Data block:
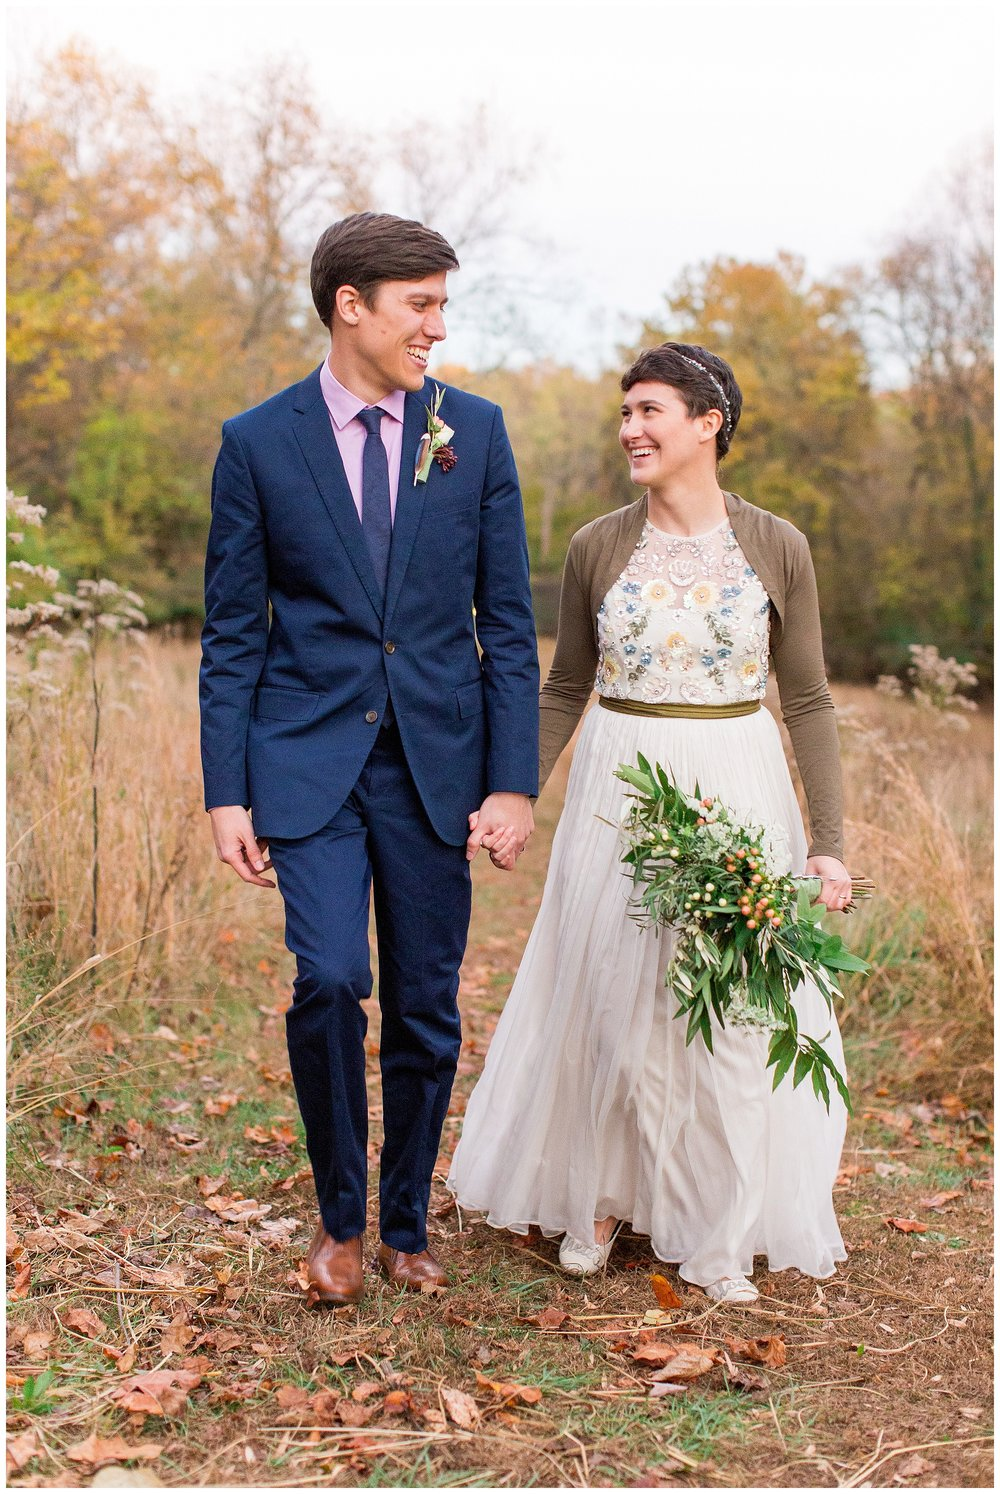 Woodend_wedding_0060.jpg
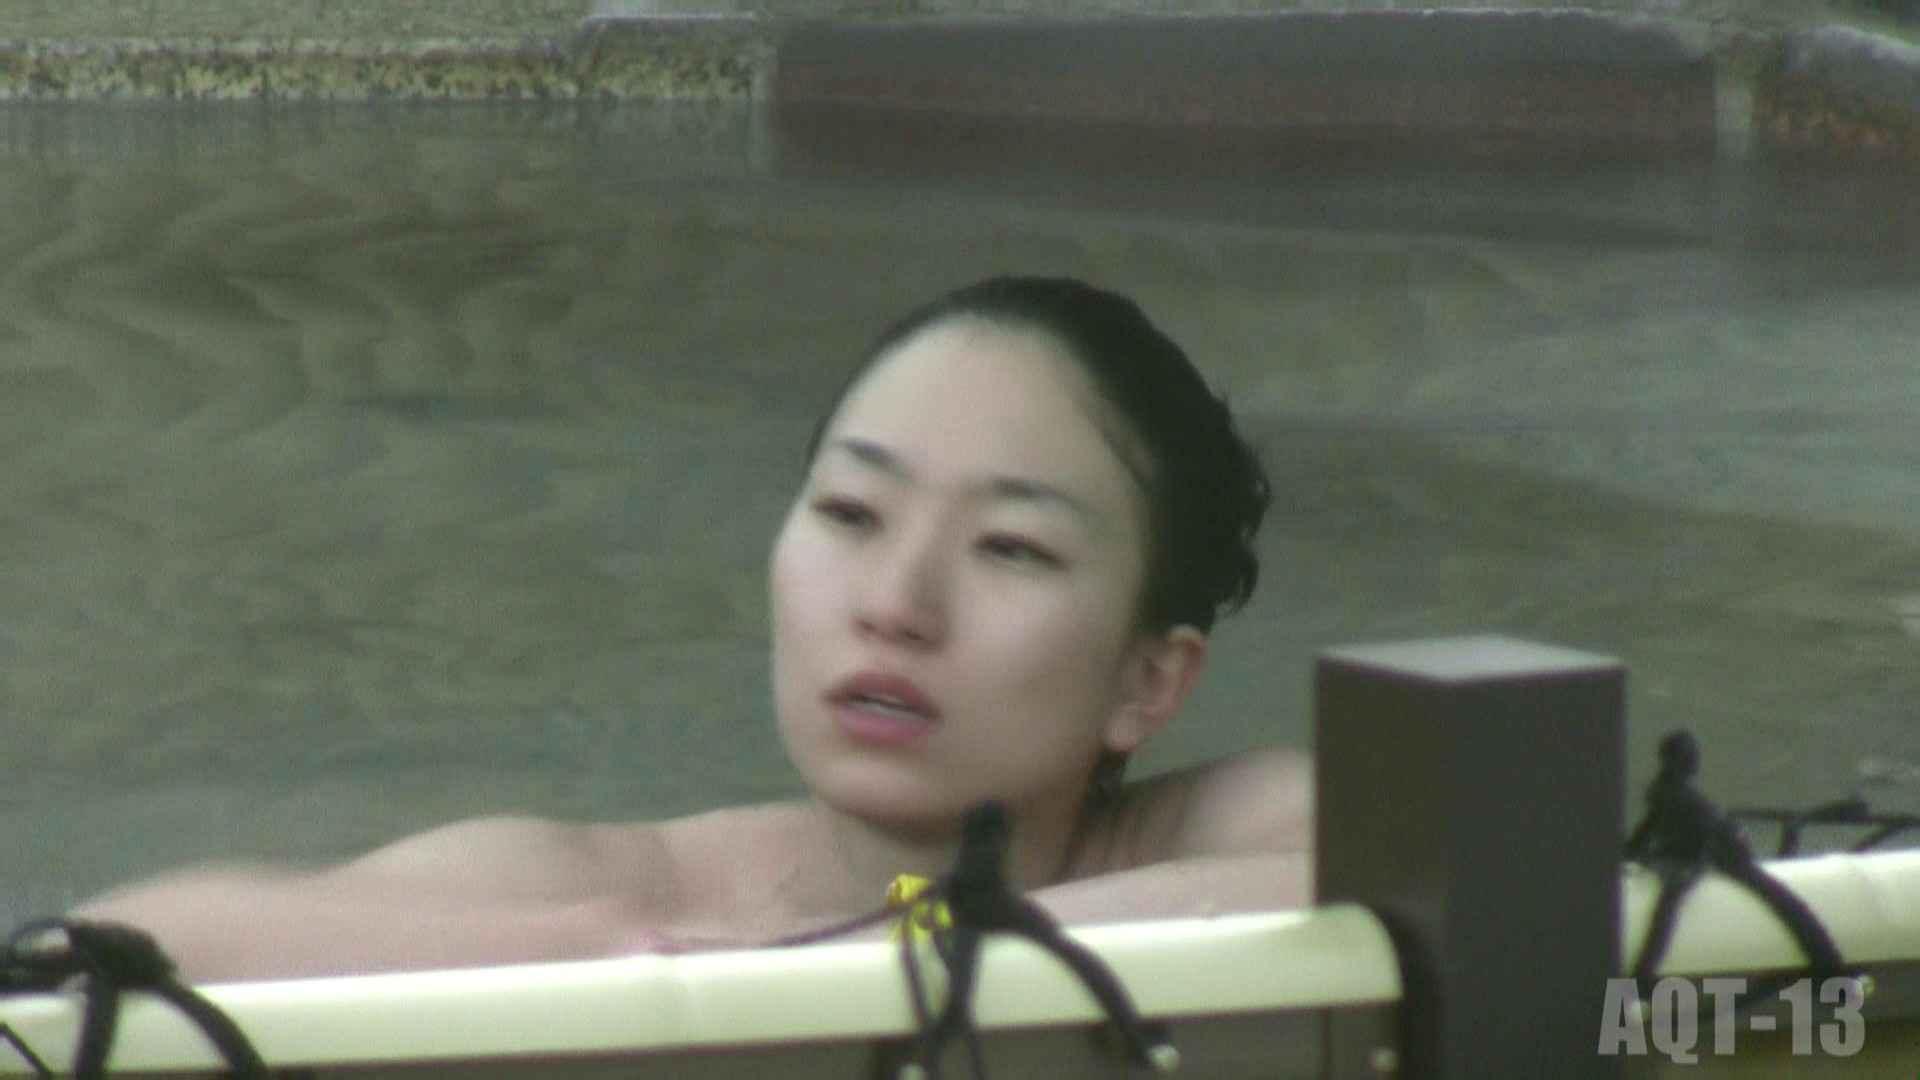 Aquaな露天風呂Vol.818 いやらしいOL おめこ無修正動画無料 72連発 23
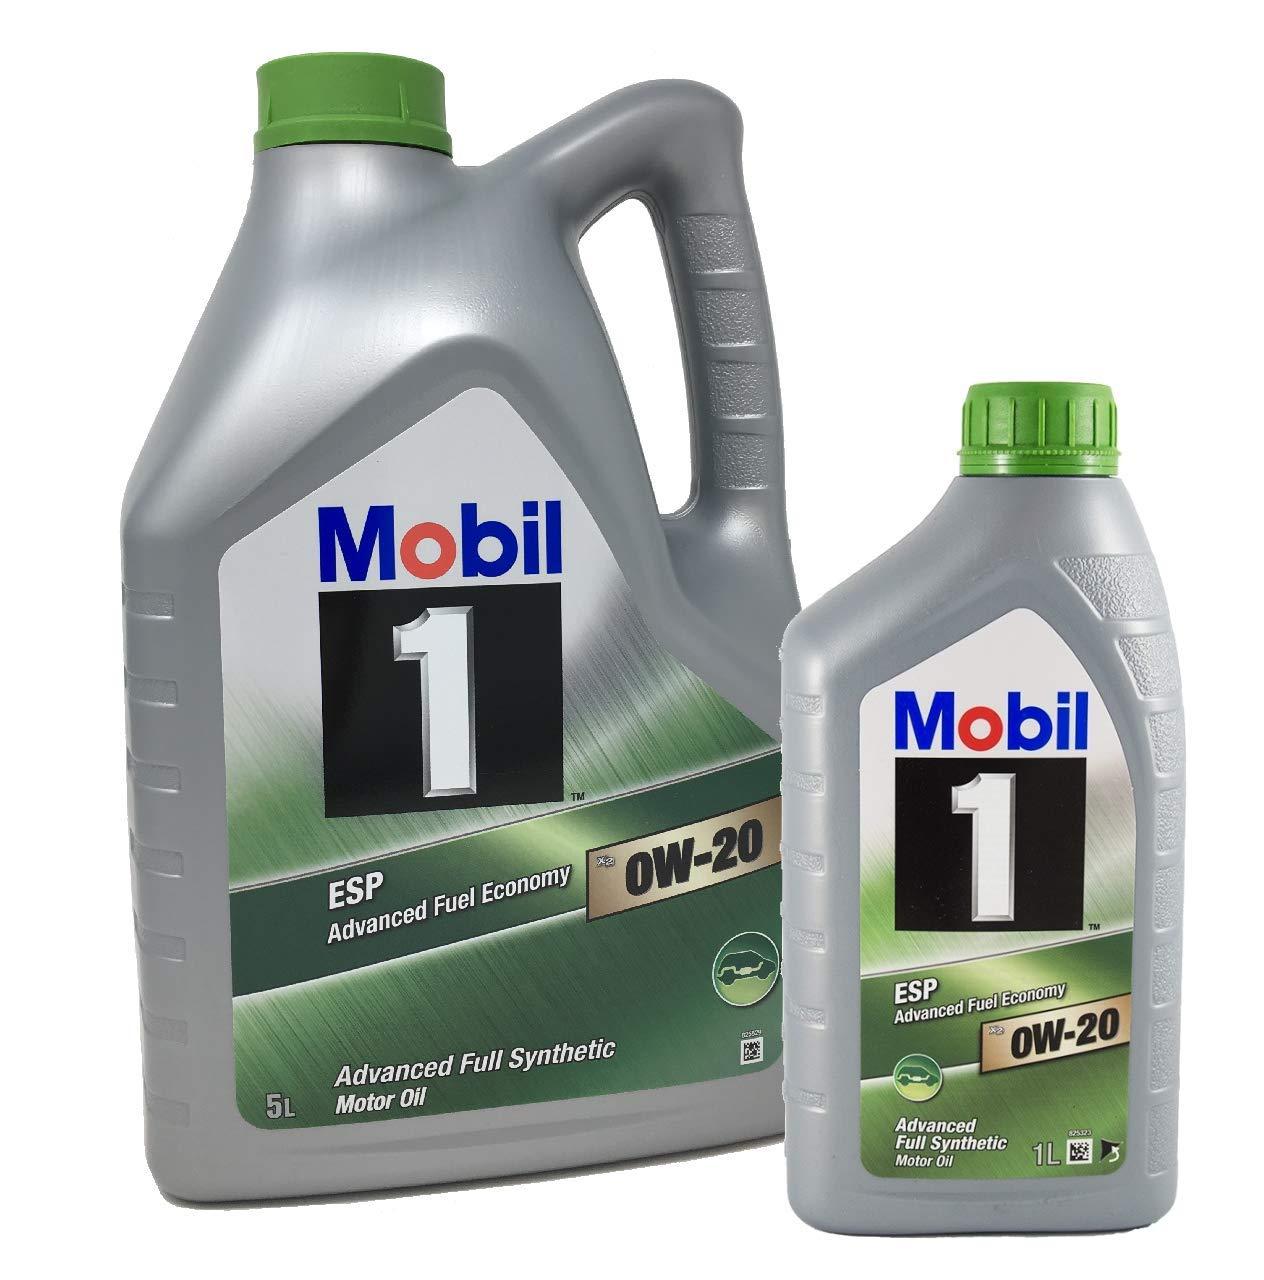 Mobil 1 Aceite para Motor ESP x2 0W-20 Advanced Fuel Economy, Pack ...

Exercise objective: Without the pictures, print the whole listing exactly as given.

Written solution:
 Woodend_wedding_0060.jpg
 Aquaな露天風呂Vol.818 いやらしいOL おめこ無修正動画無料 72連発 23
 Mobil 1 Aceite para Motor ESP x2 0W-20 Advanced Fuel Economy, Pack ...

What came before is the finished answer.